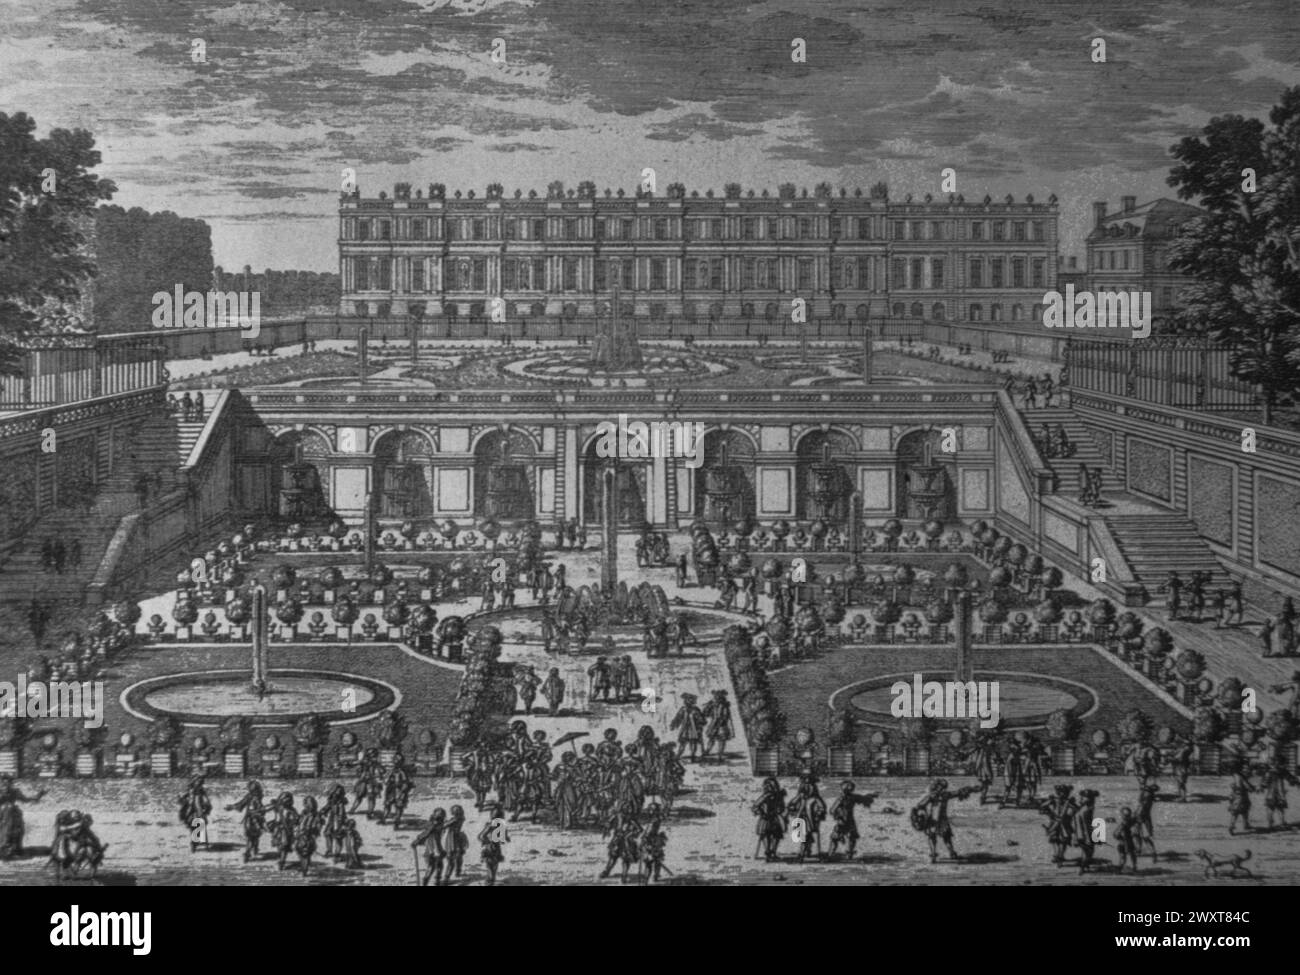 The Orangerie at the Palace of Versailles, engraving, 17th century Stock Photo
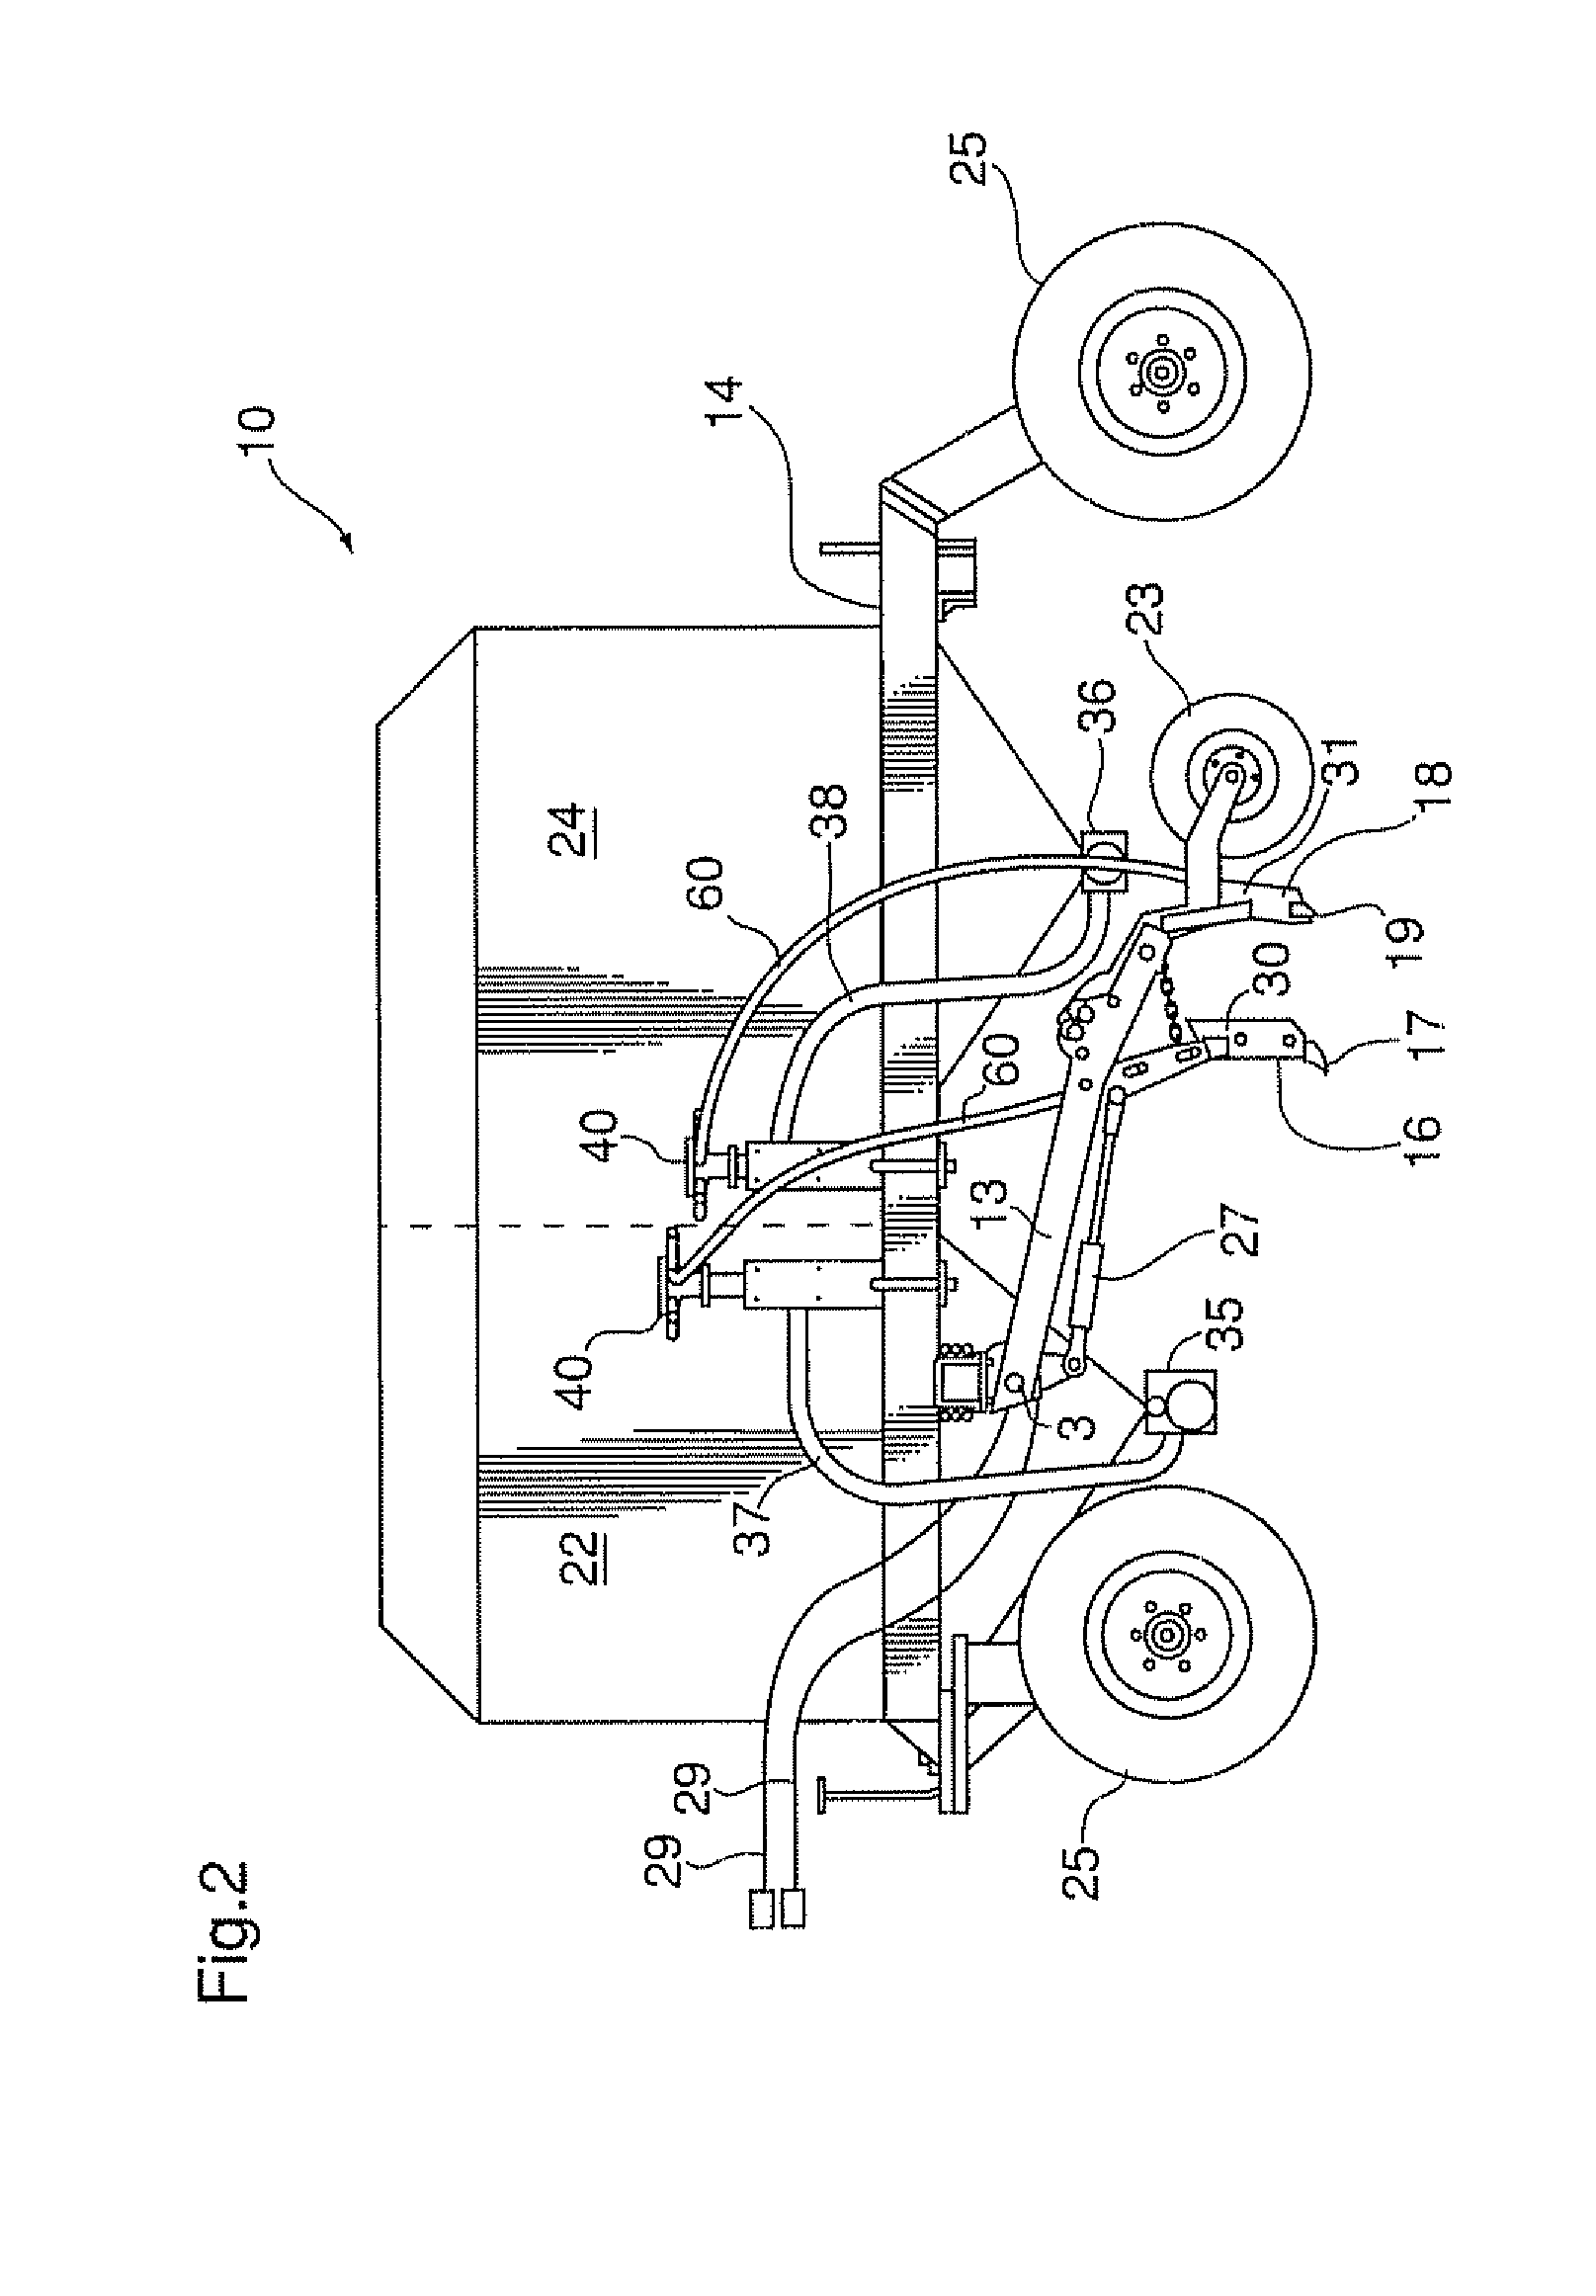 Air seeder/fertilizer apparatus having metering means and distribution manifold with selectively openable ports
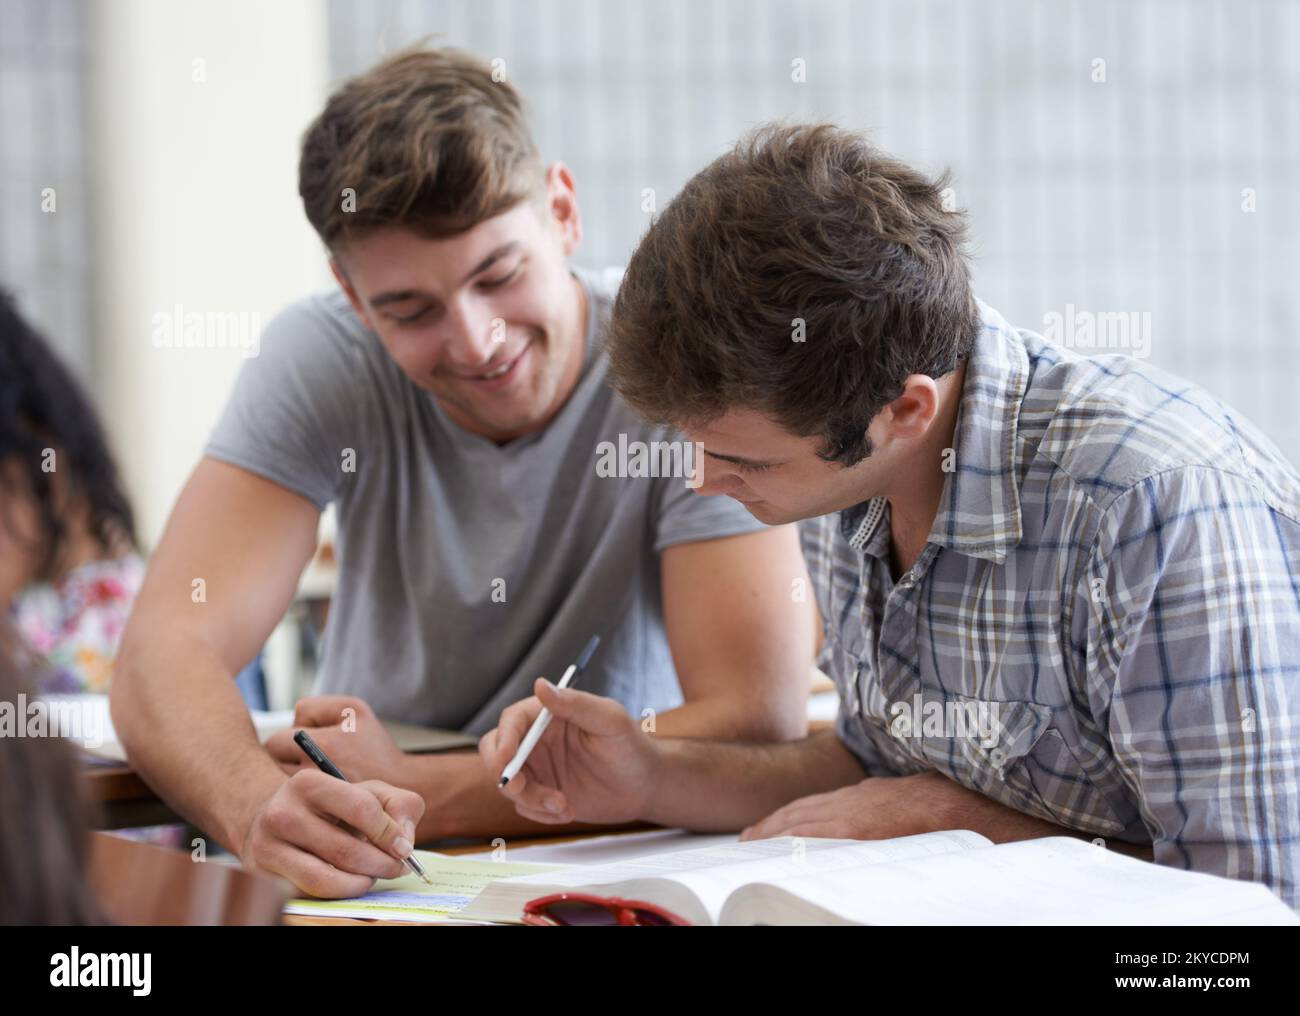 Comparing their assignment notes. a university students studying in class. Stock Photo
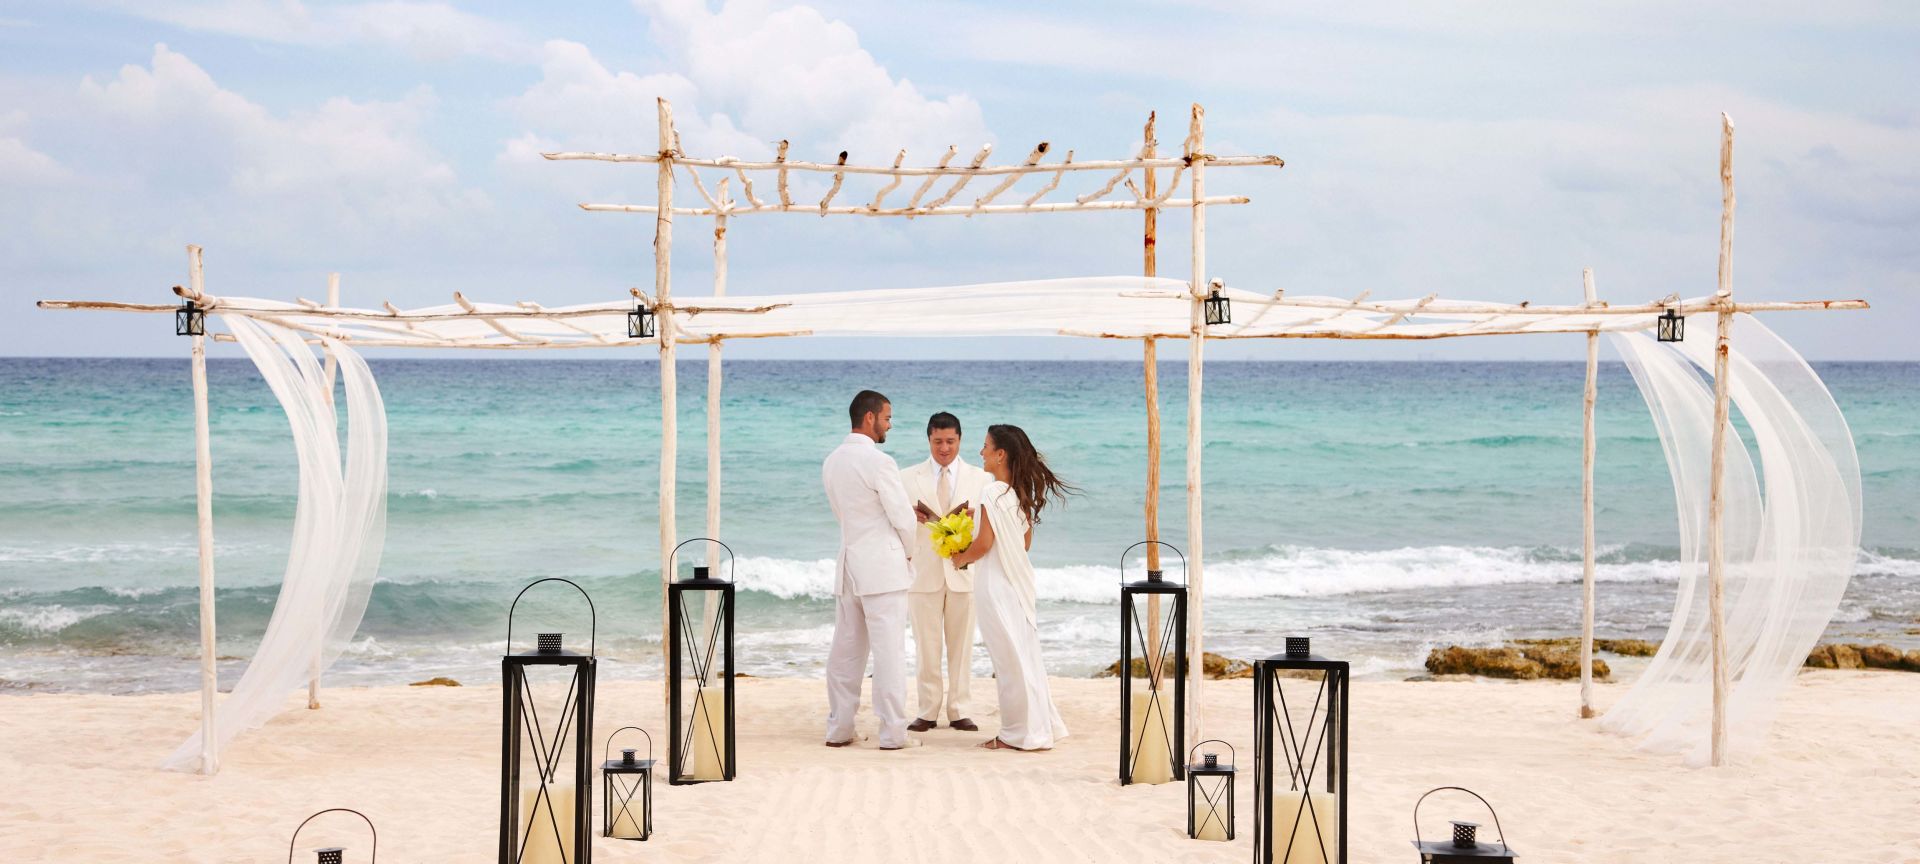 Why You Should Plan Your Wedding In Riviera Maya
-.-.-
Task instructions:
Would you set down the material exactly as it stands, without the pictures?

Exercise answer:
 The Orangerie at the Palace of Versailles, engraving, 17th century Stock Photo
 Air seeder/fertilizer apparatus having metering means and distribution manifold with selectively openable ports
 Comparing their assignment notes. a university students studying in class. Stock Photo
 Why You Should Plan Your Wedding In Riviera Maya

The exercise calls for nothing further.